BEGIN RECORDS FOR THIS EXERCISE

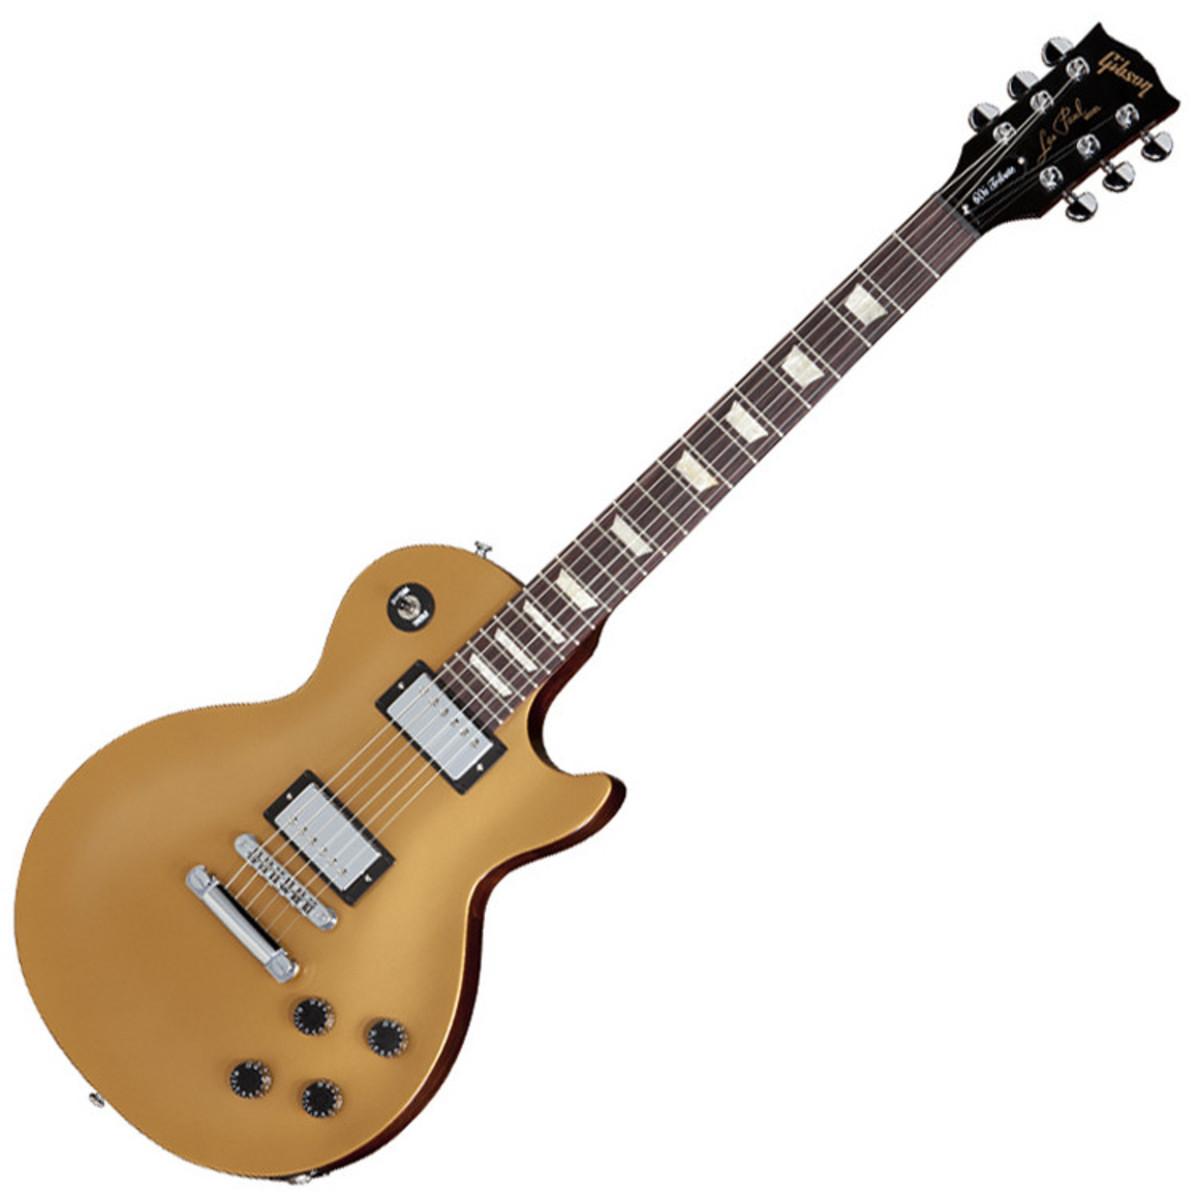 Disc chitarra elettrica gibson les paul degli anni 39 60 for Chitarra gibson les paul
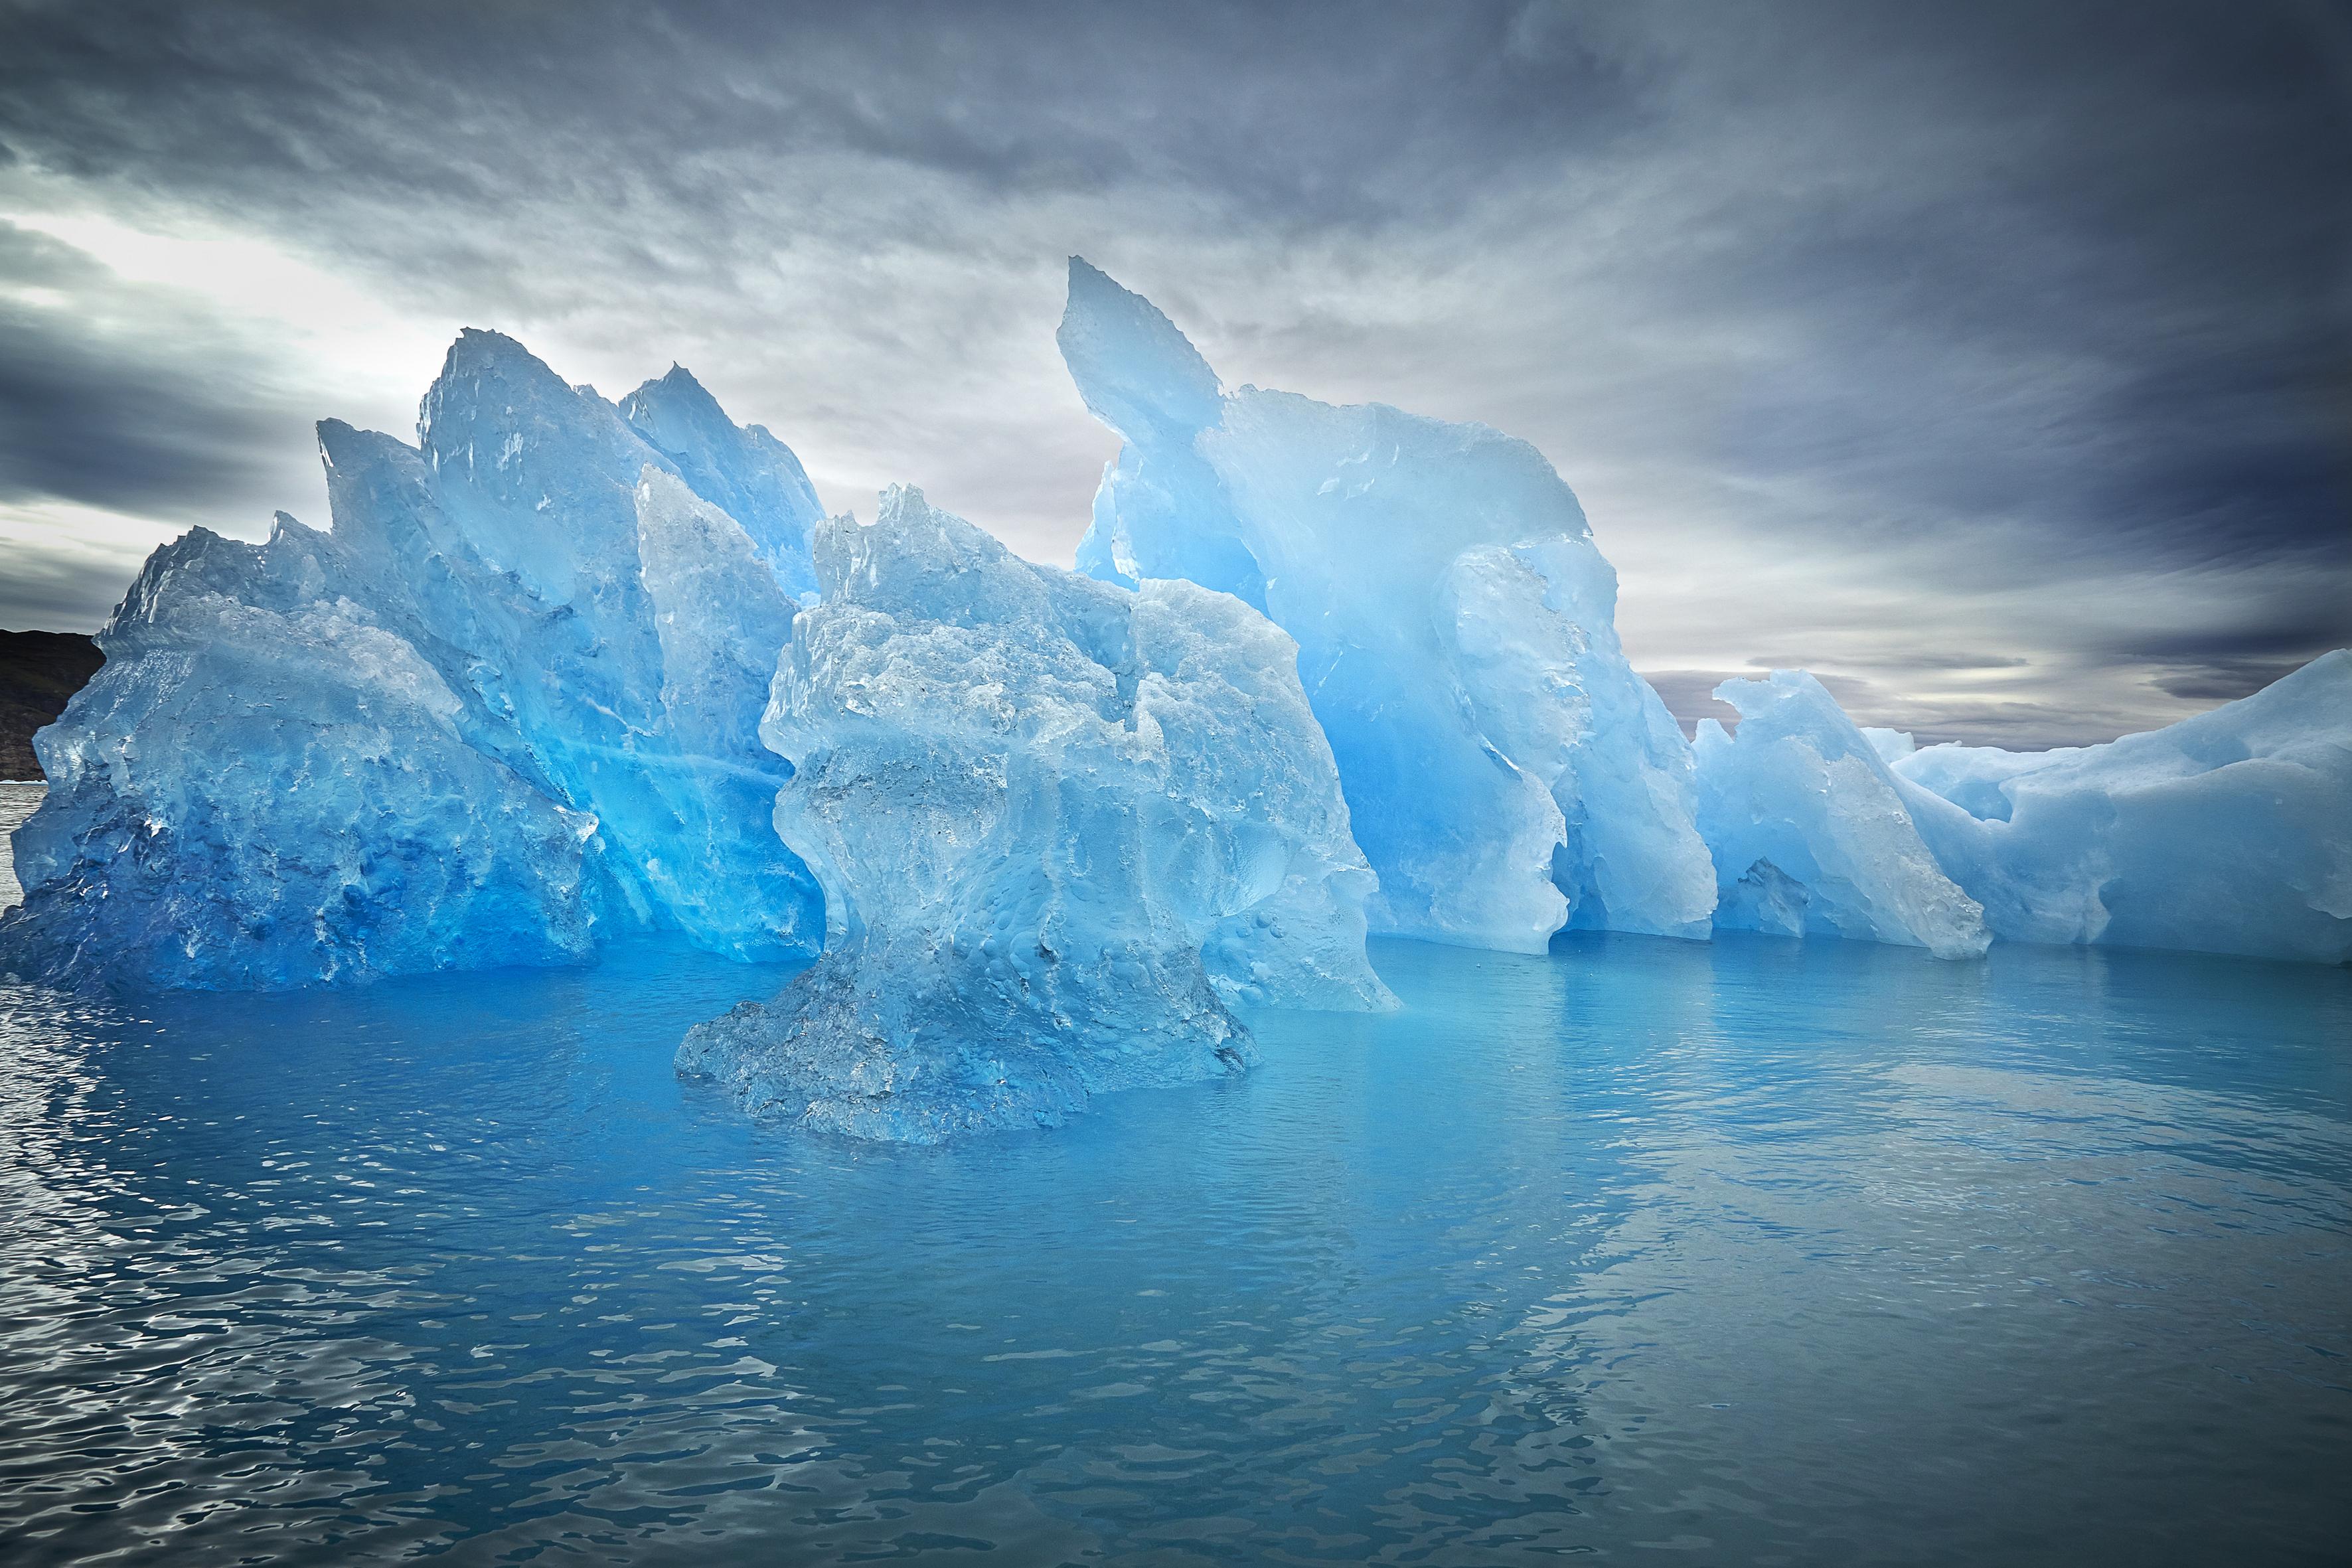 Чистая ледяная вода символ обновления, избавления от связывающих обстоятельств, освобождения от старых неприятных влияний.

END RECORDS FOR THIS EXERCISE
BEGIN RECORDS FOR THIS EXERCISE

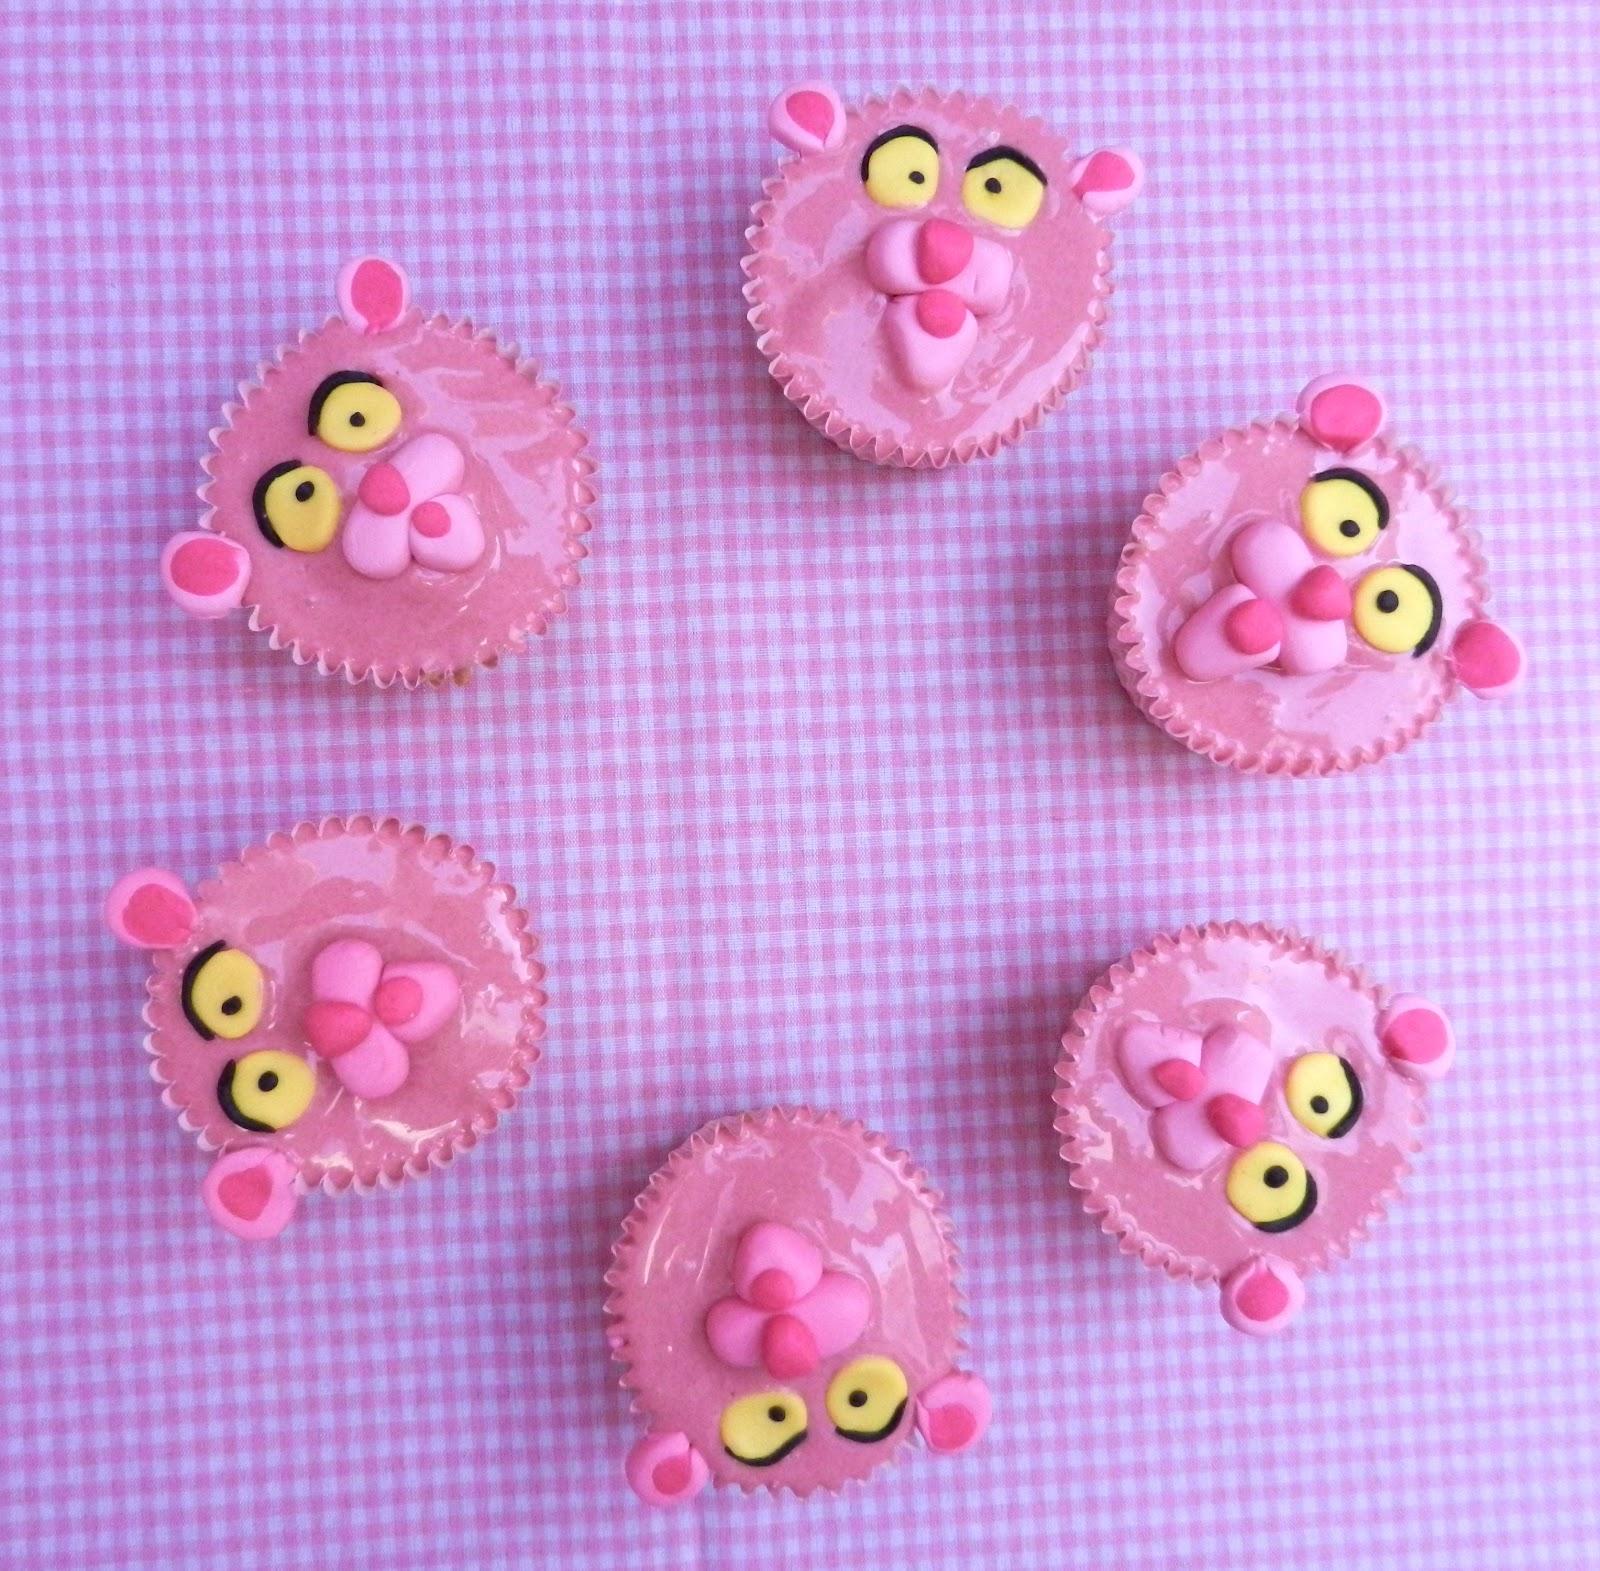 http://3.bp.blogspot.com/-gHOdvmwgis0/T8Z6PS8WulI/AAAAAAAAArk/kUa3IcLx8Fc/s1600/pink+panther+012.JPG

END RECORDS FOR THIS EXERCISE

#### REQUIRED WORK:
When you reach the line with "Disc chitarra elettrica" in the records above, start writing out each line exactly, and stop after the line with "Чистая ледяная вода". Pictures stay out.

#### WRITTEN REPLY:
 Disc chitarra elettrica gibson les paul degli anni 39 60 for Chitarra gibson les paul
 Чистая ледяная вода символ обновления, избавления от связывающих обстоятельств, освобождения от старых неприятных влияний.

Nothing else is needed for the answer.